First off, Stephen King is currently my favorite author, my favorite book being'Salem's Lot, and this is not only his longest singular work (his longest work is the Dark Tower series, of which I have read the first three out of seven) - it is the longest book I have read to date. According to Yahoo! Answers, it consists of 464,218 words. Both editions I read from (one was rain-soaked and I bought an older copy) had 1,141 pages. It is an awesome epic novel and I recommend it to the epic fantasy and/or horror fan.
After a deadly plague released by a government mistake sweeps across the world and wipes out ninety-something percent of the population, those who survived take two sides: the good guys flock to 108-year-old Mother Abagail in Colorado and the bad guys run to Las Vegas to Randall Flagg, a demon or devil of some sort who appears human but can both shape-shift and project his soul into animals. He gives off an aura of extreme, cold terror to Abagail's people, and eventually a few brave men decide to journey from Boulder, Colorado, to Vegas on foot to confront the dark man, as Flagg is often called...for the ultimate stand.

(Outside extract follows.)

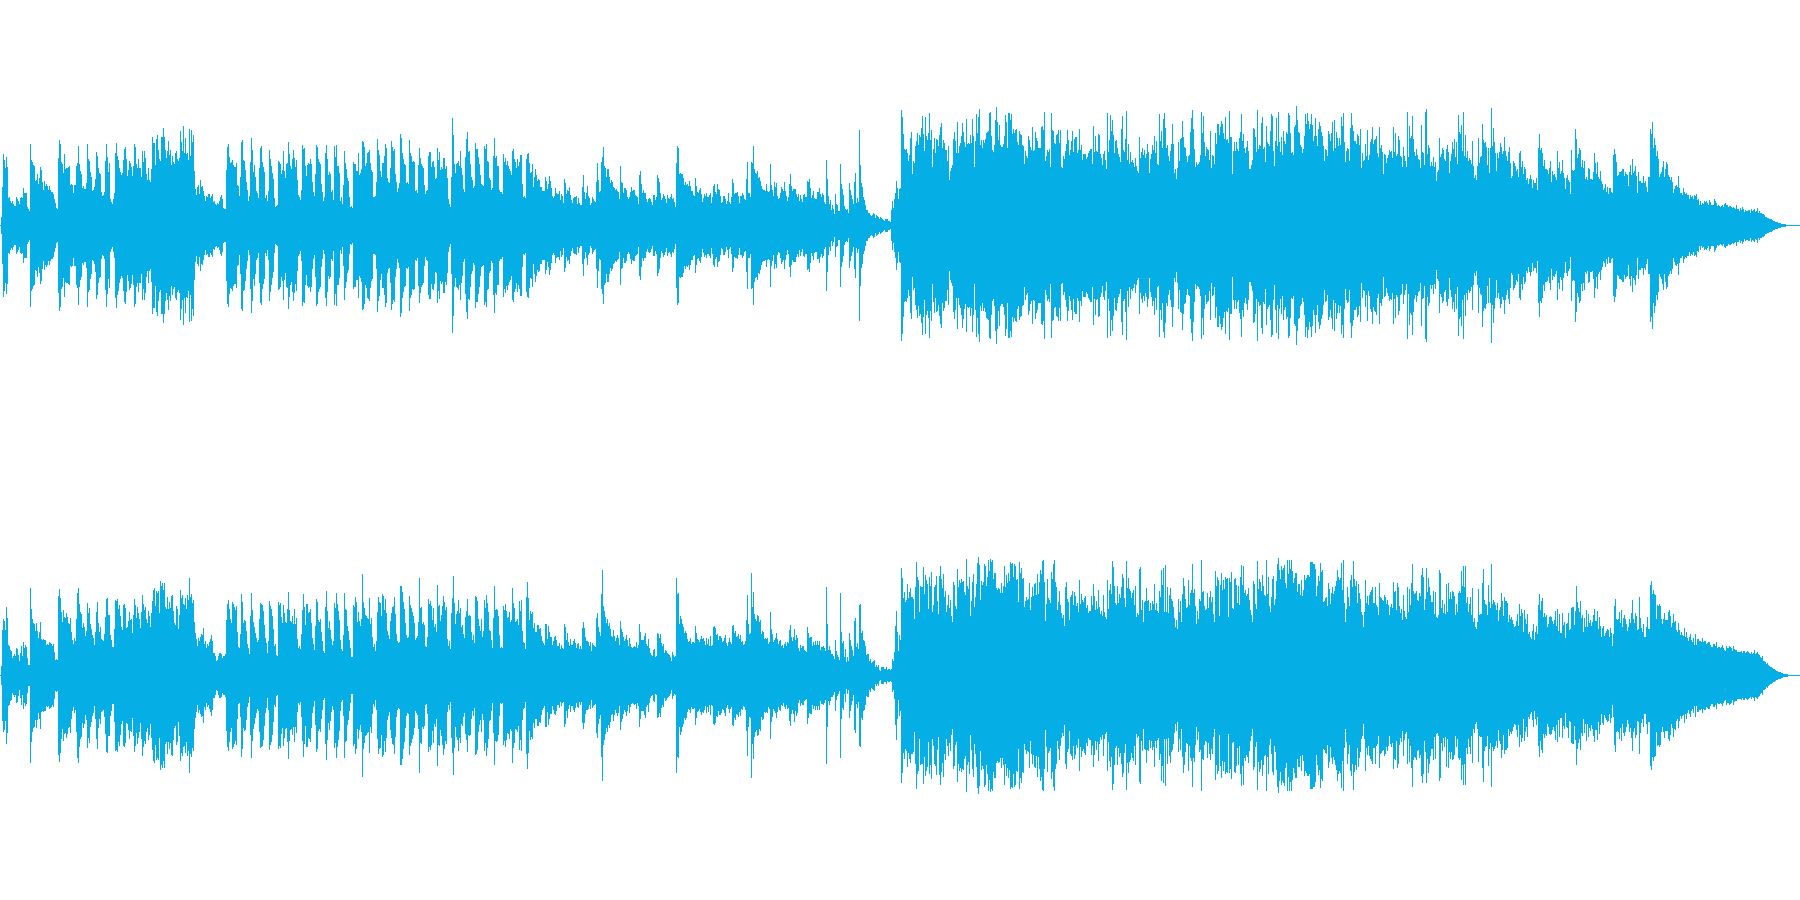 和風ループ音源アップテンポの再生済みの波形
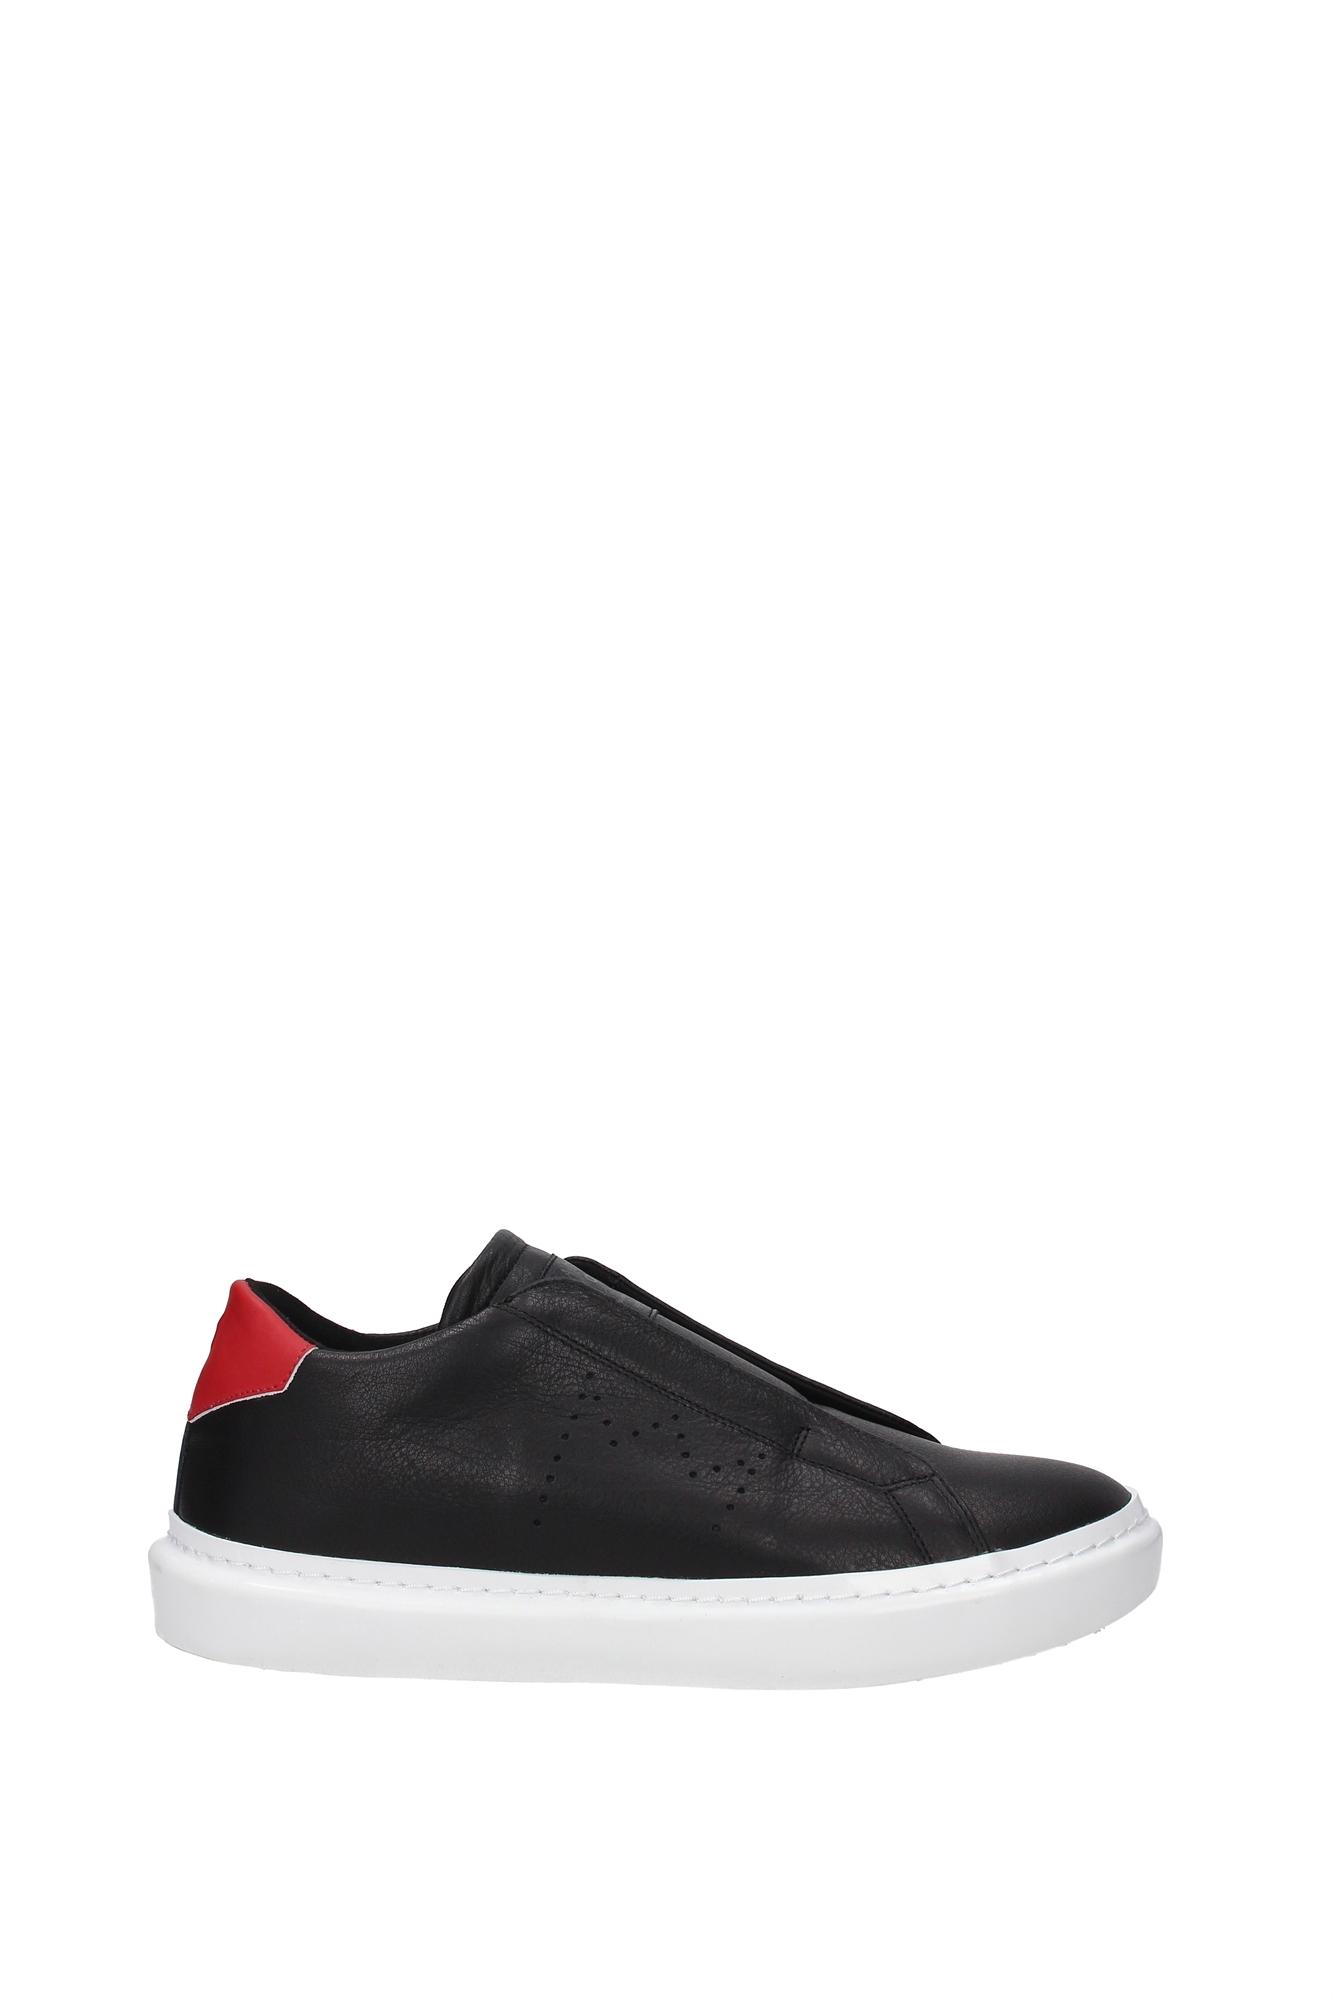 Sneakers Leder Crown - Herren - Crown Leder (MLC25NERO) edb4fc

I really loved this book, but the climax, shall we say, was a bit of a deus ex machina. Meaning "God of the Machine." I don't want to give too much away, but I will say that God quite literally had a hand in things, where he could have helped the entire time. That is the same problem I had with C.S. Lewis and his Narnia books, which I need to read the rest of still: God reaches in and fixes things. The movie Avatar (the James Cameron one with blue people, not The Last Airbender) did this too: "Jake! Eywa heard you!!!"
But other than that, the writing was quite good. I was never quite sure who the main character was, but I don't think there really was one: Star Wars does that too. More of an "overall epic story" thing.